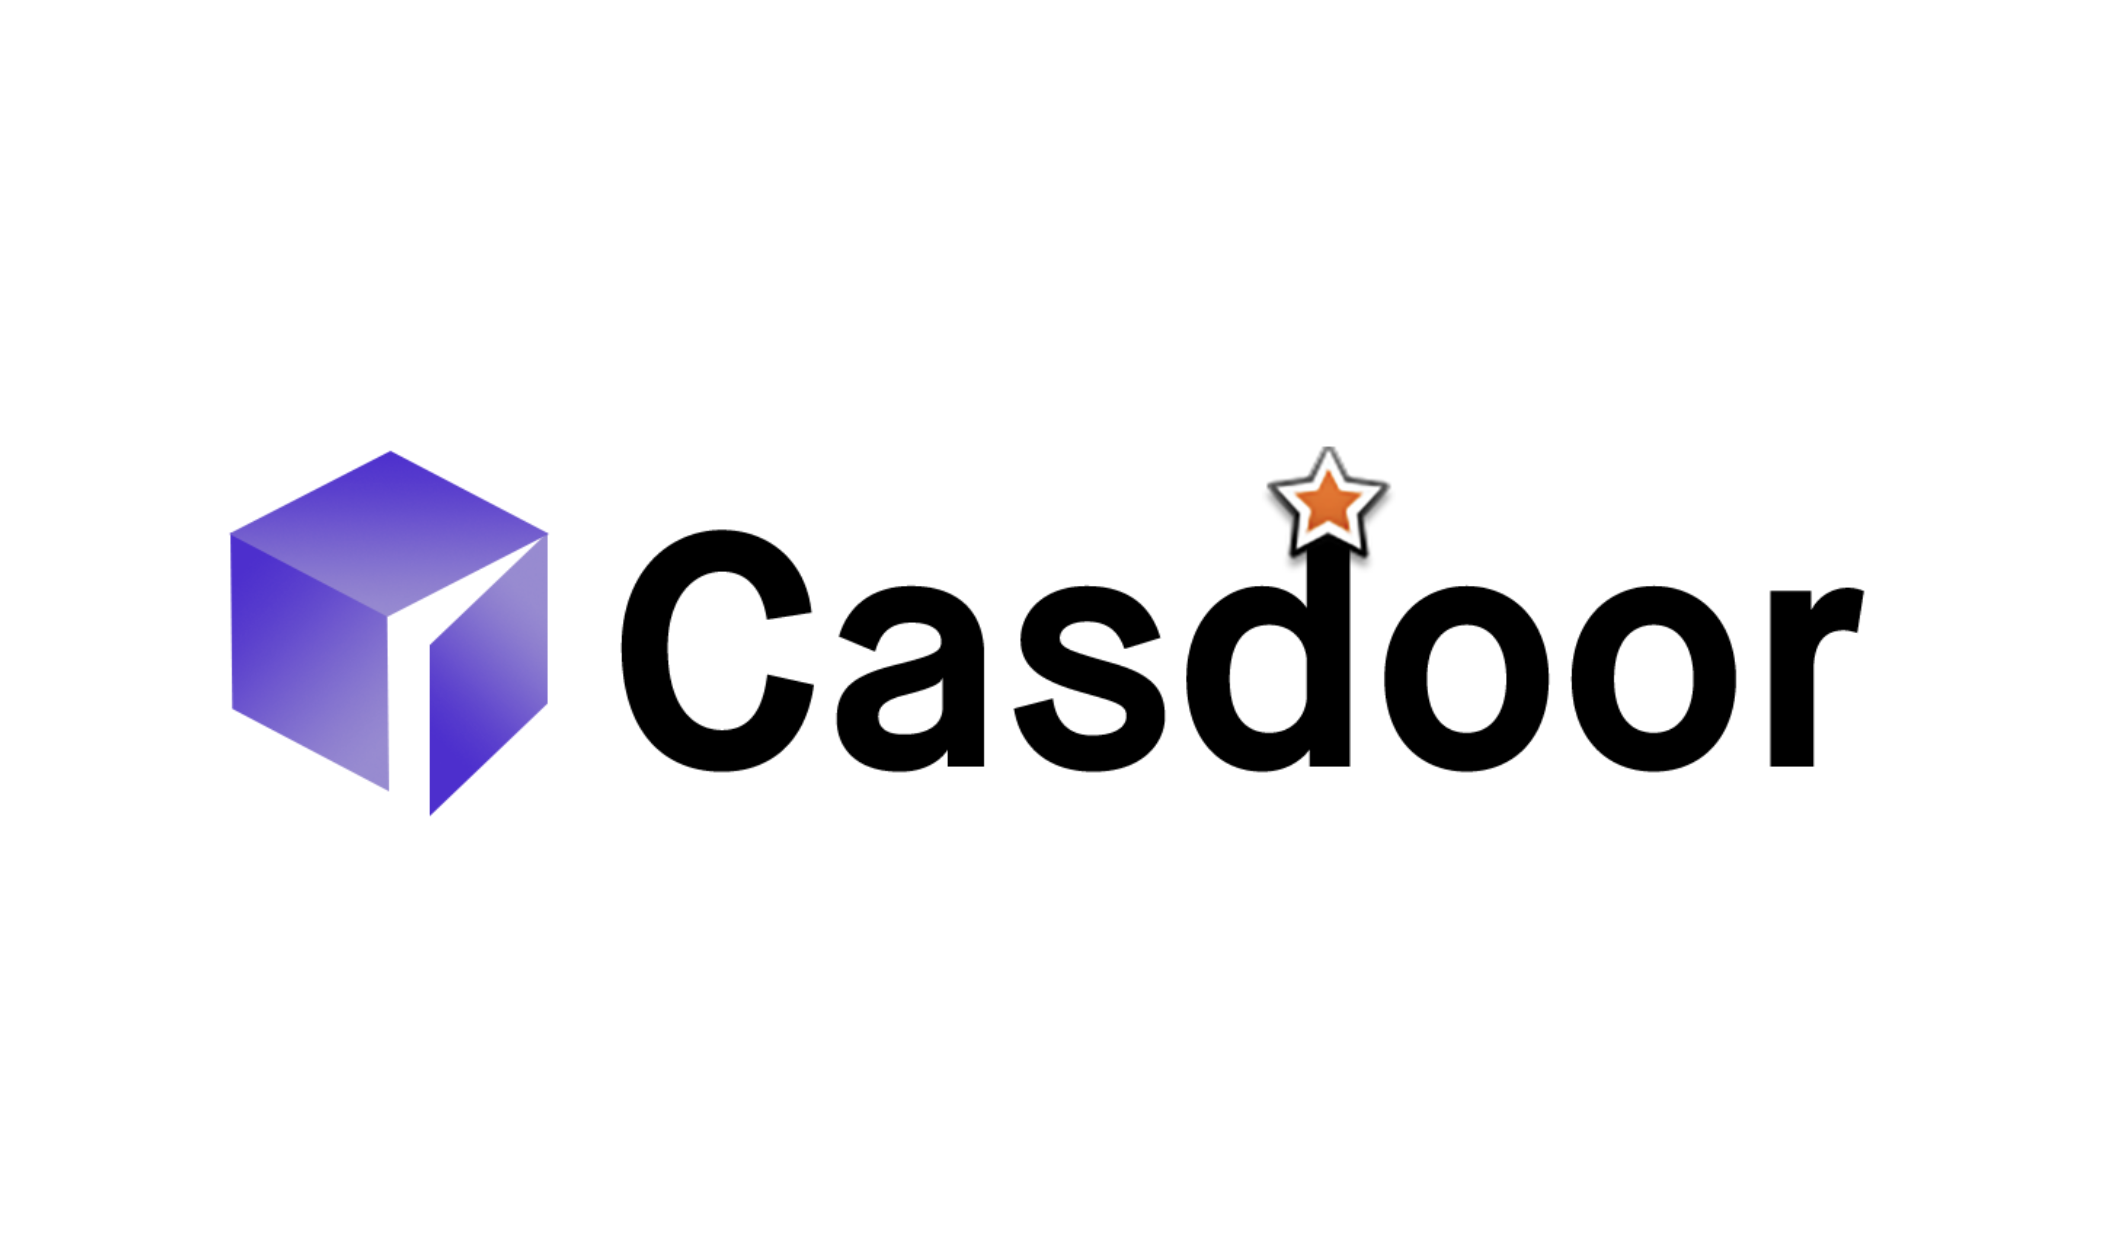 Découvrez la gestion des accès utilisateur dans le développement web avec Casdoor, une plateforme IAM open-source. Restez à l'écoute pour apprendre à configurer Casdoor avec Docker et à construire une application de démonstration React sécurisée dans la prochaine partie de cette série.
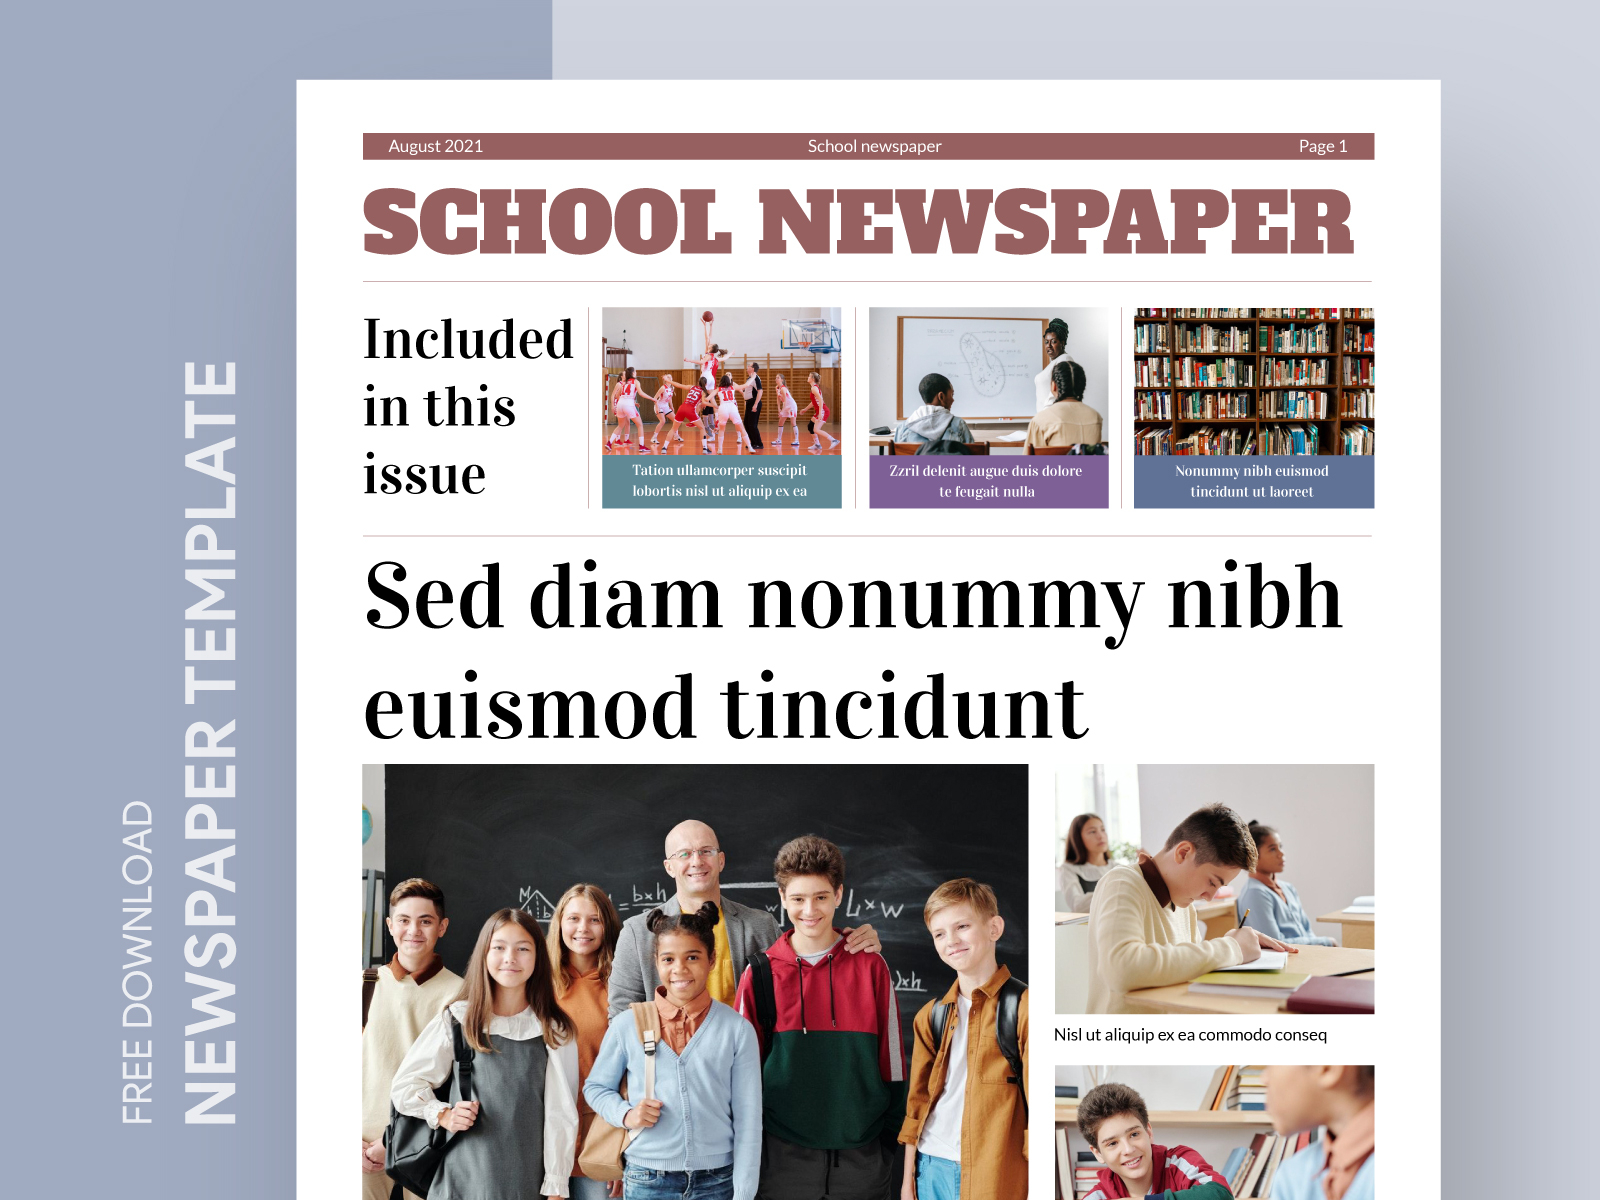 School papers. School newspaper. School News.
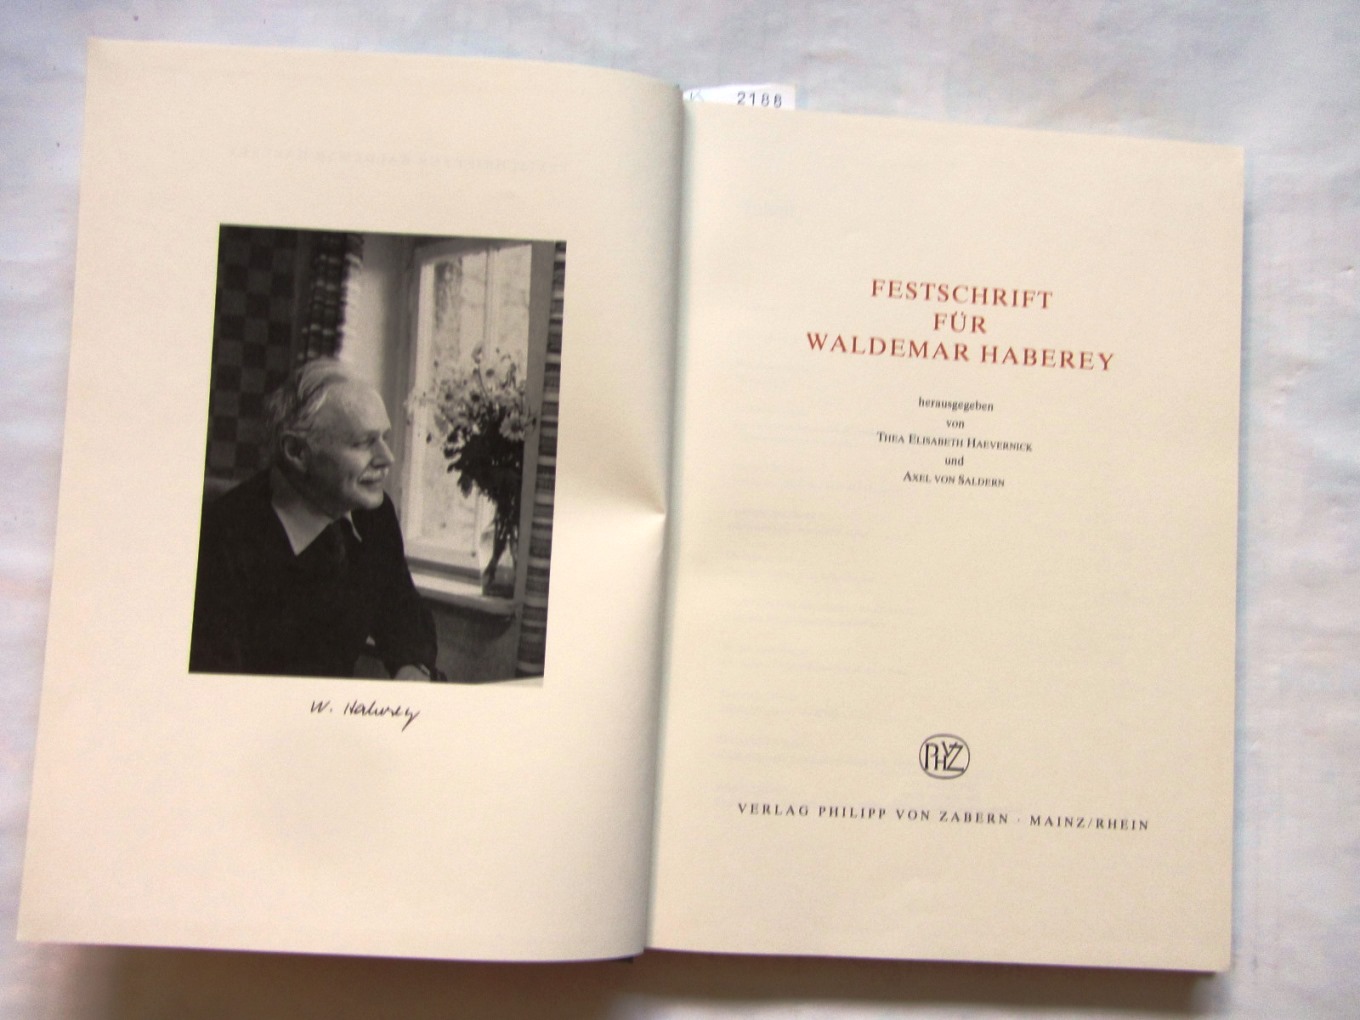 Haevernick, Thea Elisabeth und Axel von Saldern (Hrsg.):  Festschrift für Waldemar Haberley.

What to do:
A word-for-word repeat is expected of the lines from the one with "School papers. School" to the end of the data, both included; pictures are not part of it.

Written solution:
 School papers. School newspaper. School News.
 Haevernick, Thea Elisabeth und Axel von Saldern (Hrsg.):  Festschrift für Waldemar Haberley.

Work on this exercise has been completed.